HONG KONG, August 20. /TASS/. Russian President Vladimir Putin and Chinese leader Xi Jinping may use their appearance at the upcoming G20 summit in Bali to demonstrate their defiance against the rules being dictated by the West and reaffirm their important role internationally, the China South Morning Post said on Saturday.
"The physical presence of the two leaders [at the summit] can also be read as a form of their resistance to Western domination in the system of international politics," the newspaper quoted Nur Rachmat Yuliantoro, an international relations lecturer at Gadjah Mada University in Indonesia, as saying.

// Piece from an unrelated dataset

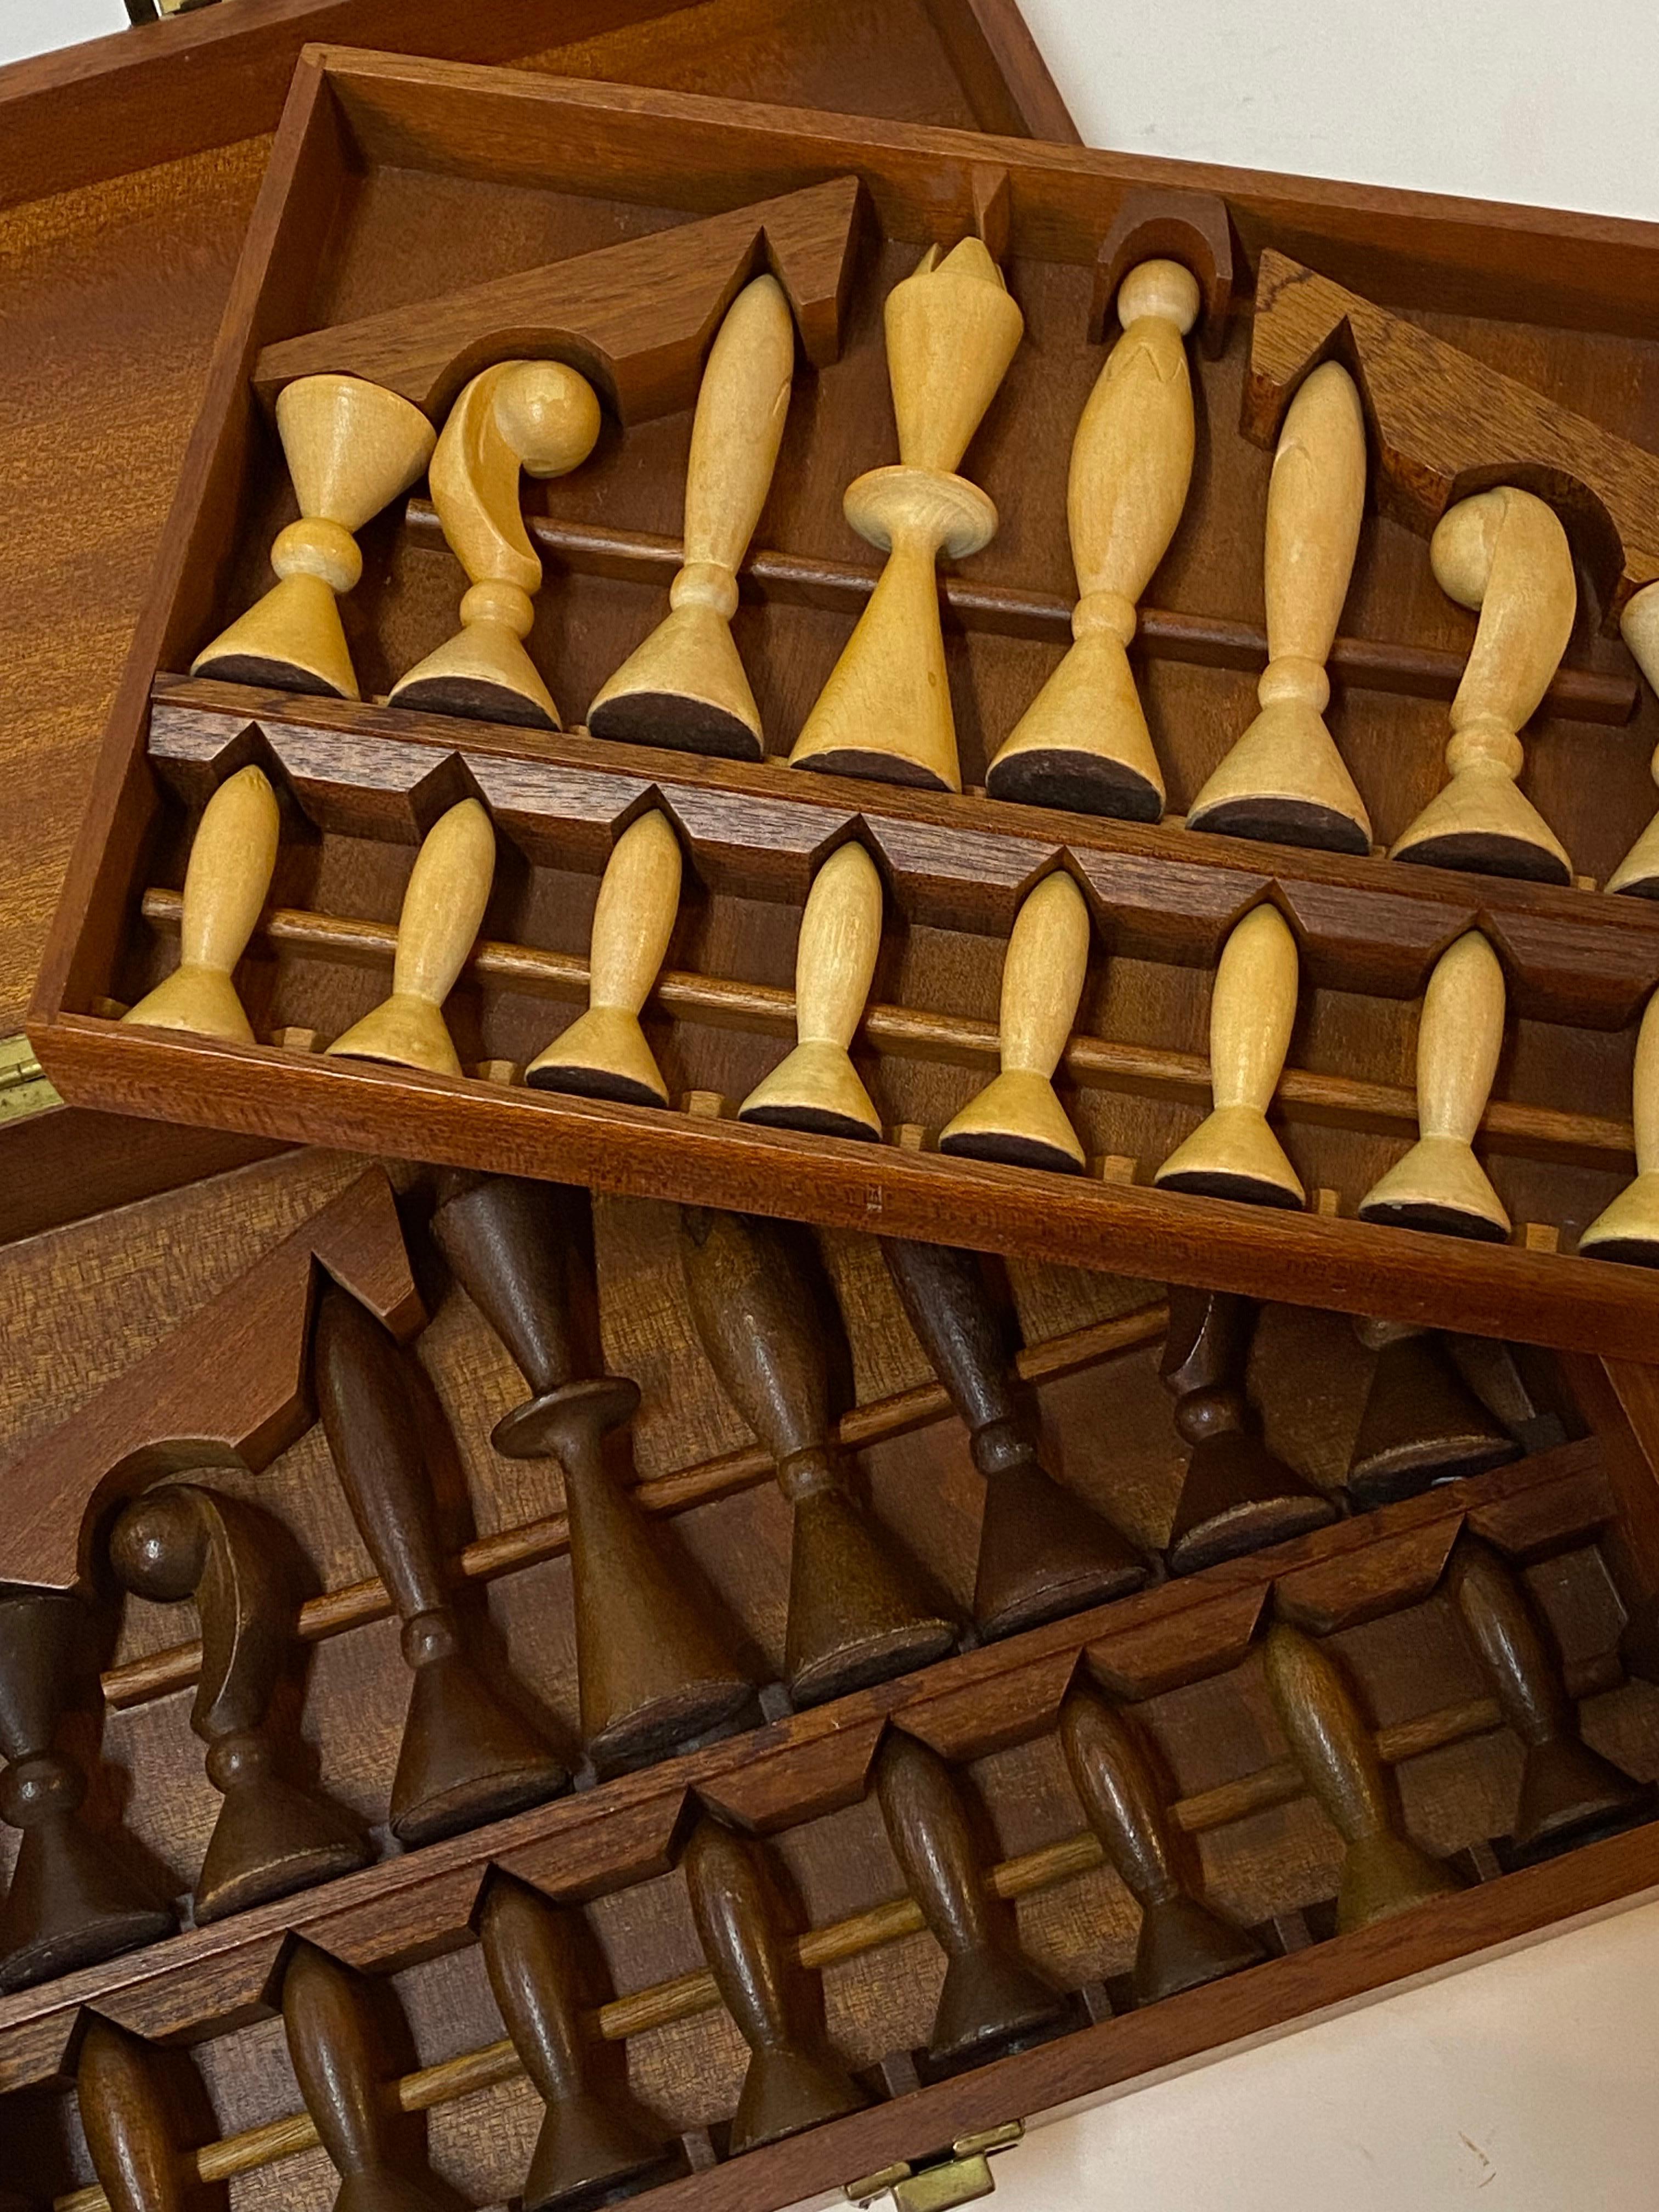 Un beau coffret d'échecs modernistes en bois sculpté. Les deux ensembles sont en bois dur et sculptés dans des formes très stylisées. L'un des ensembles est en finition naturelle en bois blond et l'autre en noyer brun. Toutes les pièces sont

He assumes "Xi will use this event to state directly Beijing’s position on various political, economic and security issues in the world today."
If the Chinese leader arrives in Bali, that will be his first foreign trip since the pandemic started. "Xi’s decision is intended to reflect a position of strength and openness to deepening and resuming communication [with the world at large] at levels that had existed prior to the pandemic," Brian Wong, a geopolitical strategist and founder of the Oxford Political Review, told the paper.
"Putin’s decision [to potentially visit Bali], on the other hand, is even more symbolically charged - it is an attempt on the part of a besieged Russia to demonstrate that it still has a key say and stake in the international order," the newspaper quoted the analyst as saying. According to Chinese political scientist Pang Zhongying, "Western countries had demanded [Indonesia] disinvite Russia, but Indonesia resisted the pressure, so this is an opportunity for Russia."
In an interview with Bloomberg on Thursday, Indonesian President Joko Widodo said the leaders of Russia and China were planning to participate in the summit in person. Neither the Kremlin, no the Chinese Foreign Ministry has yet officially confirmed these plans.